Tunisian journalist Chadha Hadj Mbarek is in pretrial detention on anti-state charges amid an ongoing investigation into her involvement with a digital content company.
Mbarek, a journalist and a social media content editor at local independent content creation services firm Instalingo, was arrested from her home in the city of Sousse, south of the capital Tunis on October 5, 2021, on charges of conspiring against state security, disturbing public order, and offending the office of President Kais Saied.
On June 19, 2023, a judge dismissed the case and charges against Mbarek and ordered her release. However, the state prosecutor filed an appeal, and on July 22, 2023, Tunisian security forces stormed Mbarek’s home in Sousse and re-arrested her pending investigation in the same case.
Since 2021, Mbarek’s hearings have been repeatedly postponed, and as of late 2024, she has not been sentenced. In October 2024, a judge transferred Mbarek’s trial from Sousse to another court in Tunis, forcing her family and lawyer to travel to see her during hearings, according to a local journalist who is following the case and spoke to CPJ on the condition of anonymity, citing fear of reprisal.

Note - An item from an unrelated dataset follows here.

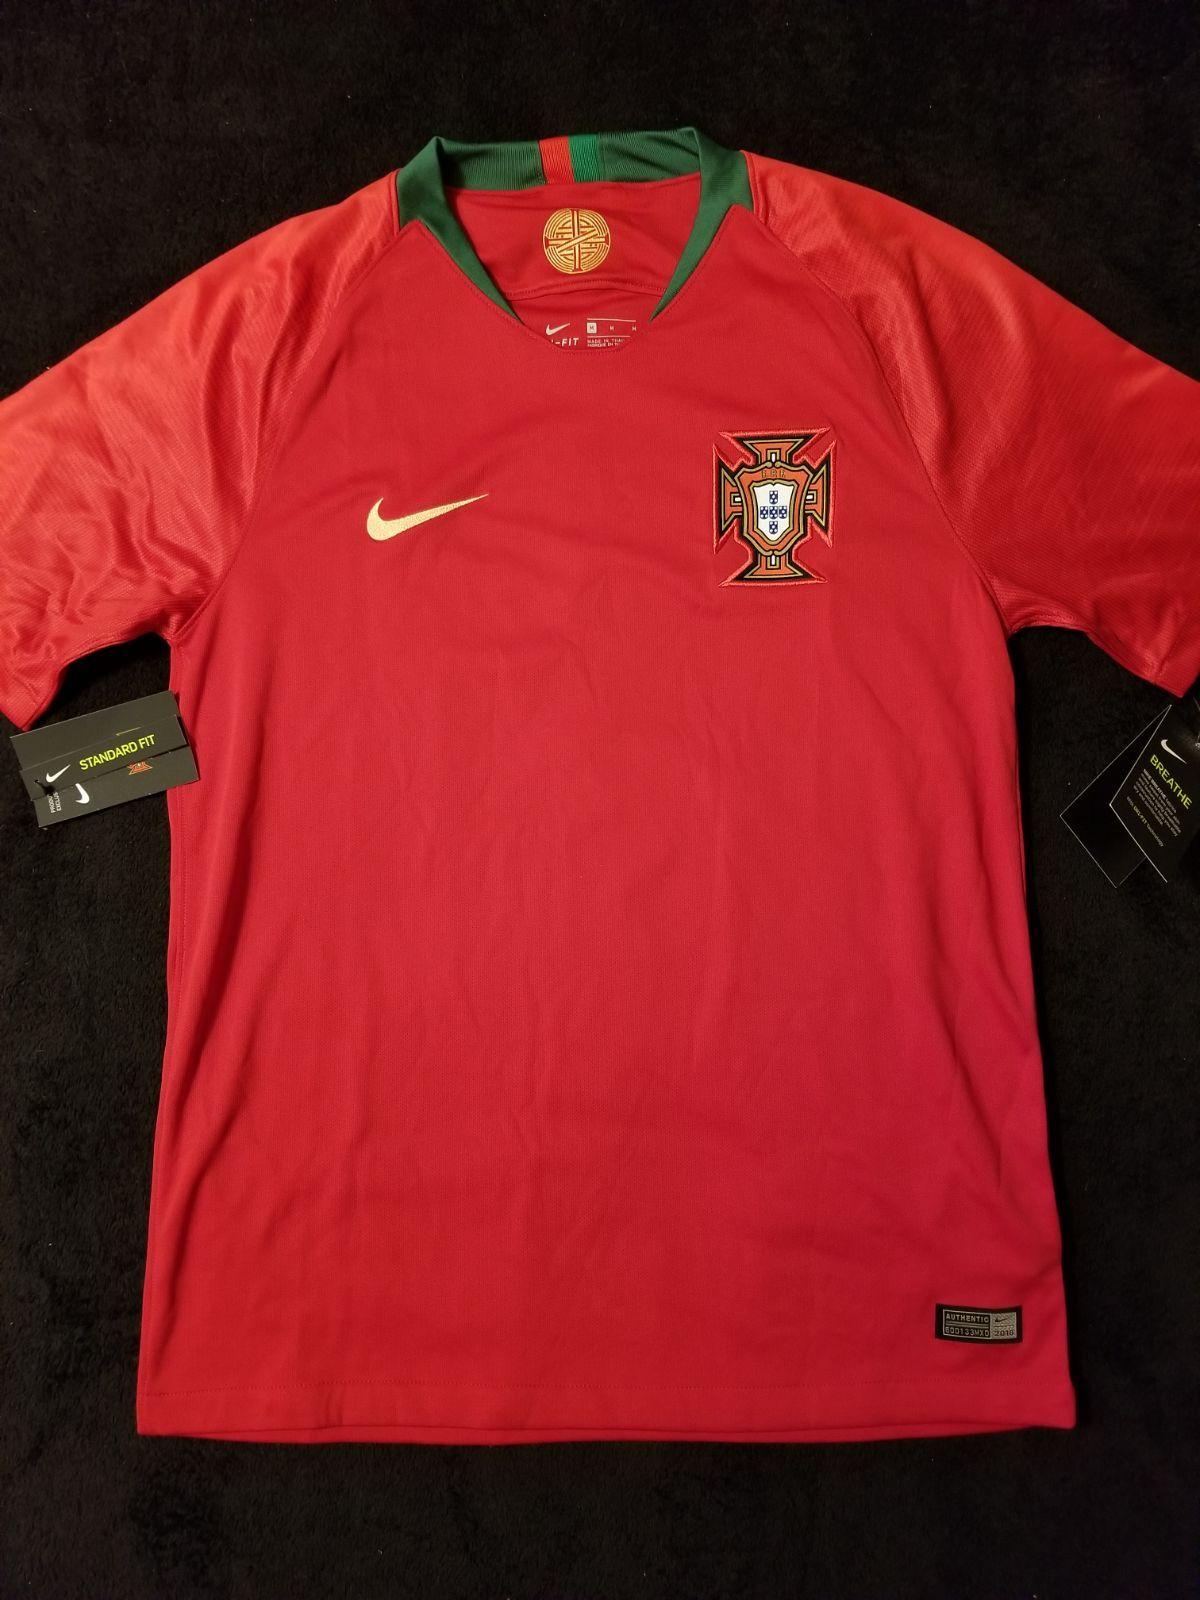 Nike 2018 Ronaldo World Cup Jersey Sz M In 2020 Ronaldo Jersey World Cup Jerseys Ronaldo Portugal Jersey

Mbarek is one of 41 people prosecuted in connection to their work at Instalingo since September 2021 due to accusations that Instalingo was hired by members of the Ennahda opposition party to distribute content critical of Saied’s government. The local journalist told CPJ that Saied is making an example of Mbarek, who is the only journalist of the 14 people detained in this case, as a way to indicate his government’s intolerance for independent journalism since he dismissed the prime minister, froze parliament, and granted himself judicial powers in July 2021.
Mbarek was previously not listed in CPJ’s prison census because the organization was not aware of the link between her social media work and her arrest. Local journalists told CPJ this year that they believe her arrest was the beginning of a renewed crackdown on the media which intensified in the lead-up to Saied’s reelection in October 2024.
Mbarek is currently held at Al-Mas’adin prison in Sousse, and suffers from kidney disease and hearing loss that worsened in custody due to lack of medical attention. Recently, she has received treatment in prison for these ailments, the local journalist told CPJ.
In late 2024, CPJ emailed the presidency’s office requesting comment on Mbarek’s case, but did not receive a reply.